- The Massachusetts Bay Transportation Authority unveiled proposed changes to the over-budget Green Line light-rail extension project and said that the changes could reduce costs by nearly $300 million, according to the Boston Globe.
- Central to the cost-cutting moves are drastic changes to the design of at least five of the line’s seven stations from enclosed to open-air and a scaling down of a vehicle maintenance facility from a storage capacity of 80 cars to 40.
- The Massachusetts Department of Transportation board members said the Green Line project will not go forward unless the MBTA can come up with significant cost reductions.

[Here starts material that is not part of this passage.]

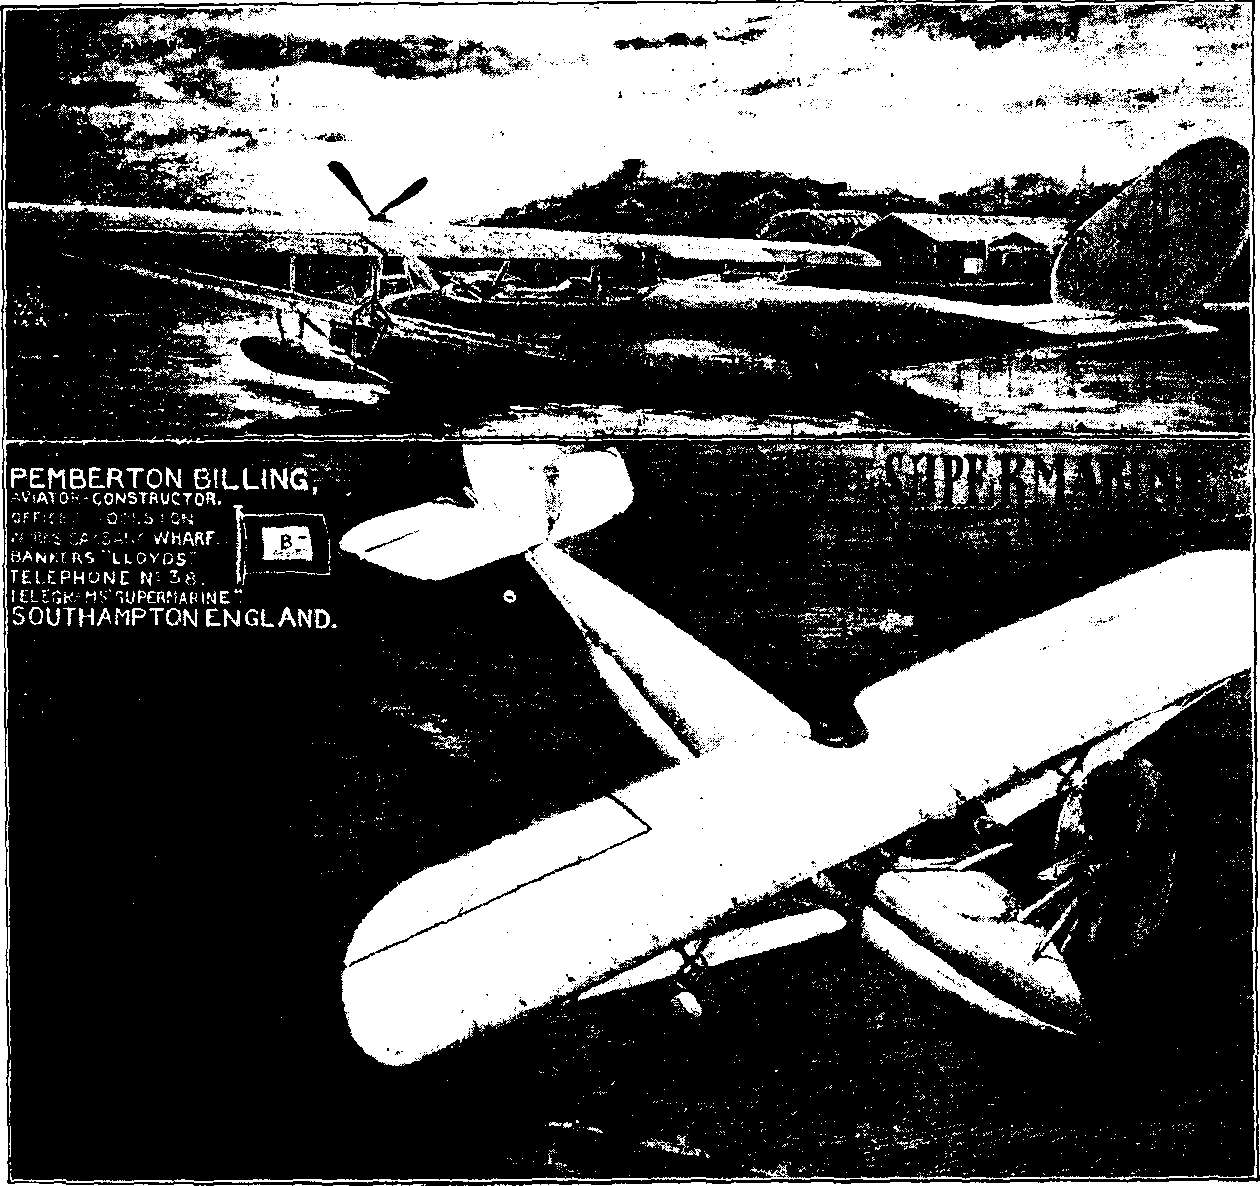 Reichswehr sowie Luftwaffe und Luftfahrt im Ersten Weltkrieg - Motorflug sowie Fliegerei und Flugzeuge im Jahre 1914
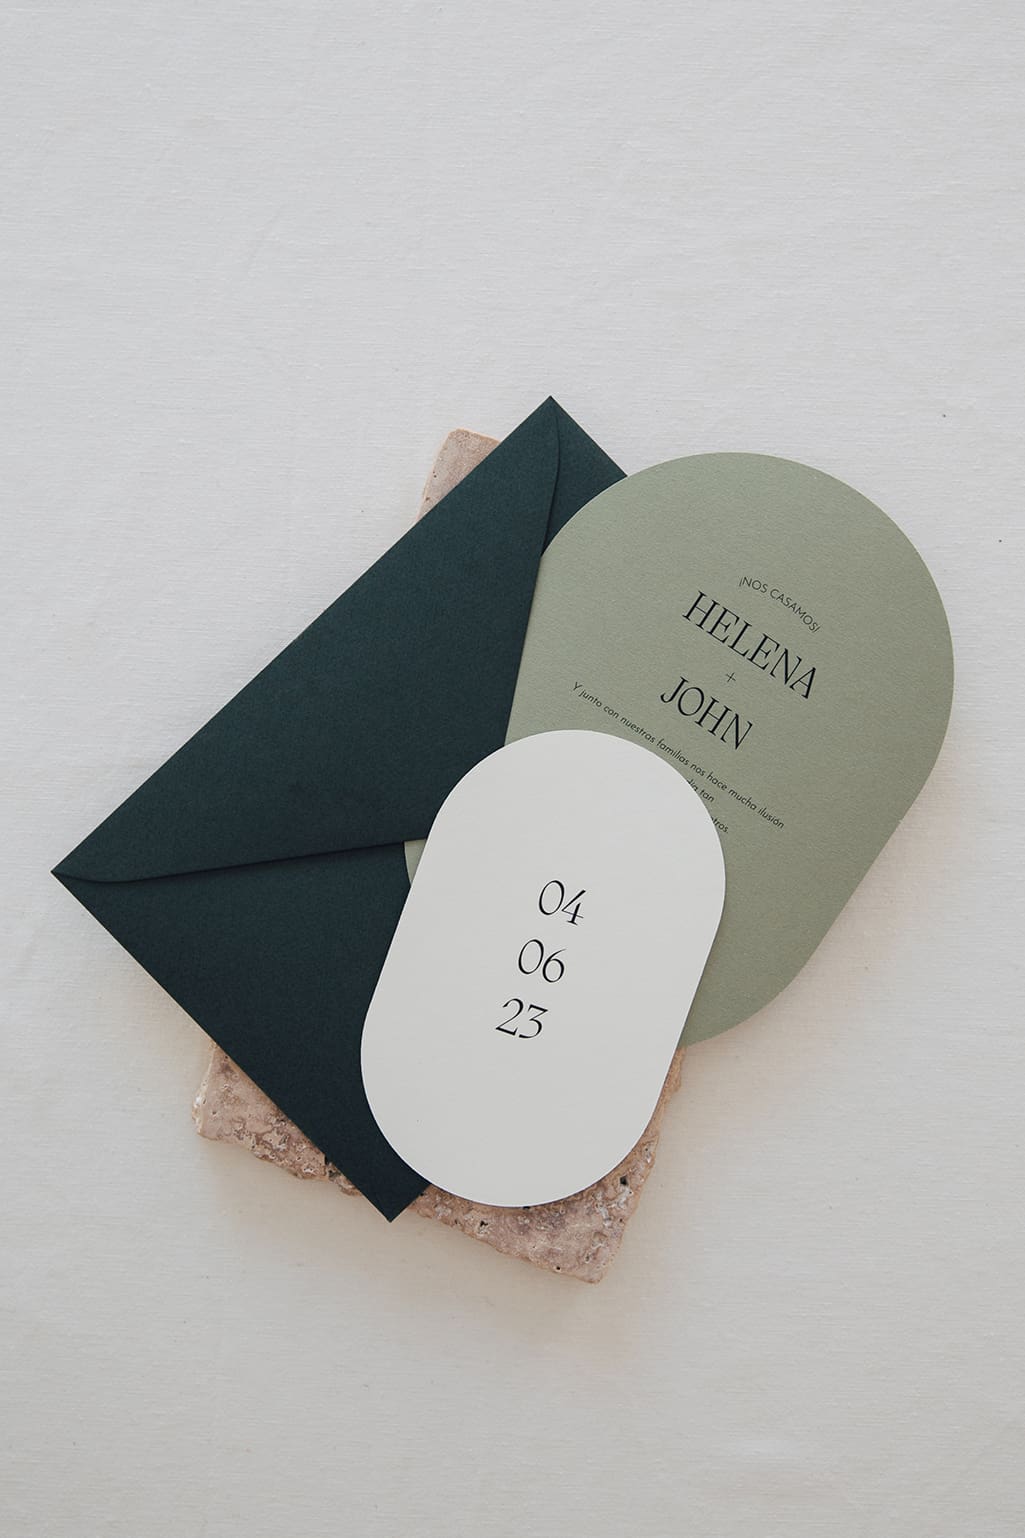 Sobre e invitación de boda personalizado en tonos verdes y tipografía elegante

If the state decides to scuttle the project, it would forfeit $1 billion in federal funding, as well as disappoint the residents of Somerville, MA, and Medford, MA, who would benefit most from a new rail line.
In January, the MBTA vowed to deliver "brutal" cuts to the project in an effort to whittle away at the $1 billion in cost overruns. Since the original contractors were terminated, the MBTA has explored several solutions to the Green Line debacle, including killing the project altogether.
At a town meeting, local officials and residents expressed their desire to see the project come to fruition. However, some residents and local officials told MBTA representatives at the meeting that they were very disappointed with the cuts, especially the changes to stations that would leave rail passengers exposed to the weather, according to the Globe.
After delays, cost overruns and a healthy dose of blame aimed at the contract and procurement processes, a frustrated MBTA terminated all of the project’s lead contractors in December, including the joint venture of White-Skanska-Kiewit (WSK).
However, while much of the fault has been attributed to the contract procurement method, a previously withheld Berkeley Research Group report said the failure of the MBTA and its consultants to address the difference between cost estimates among the major Green Line contractors increased the likelihood of the problems eventually encountered on the project.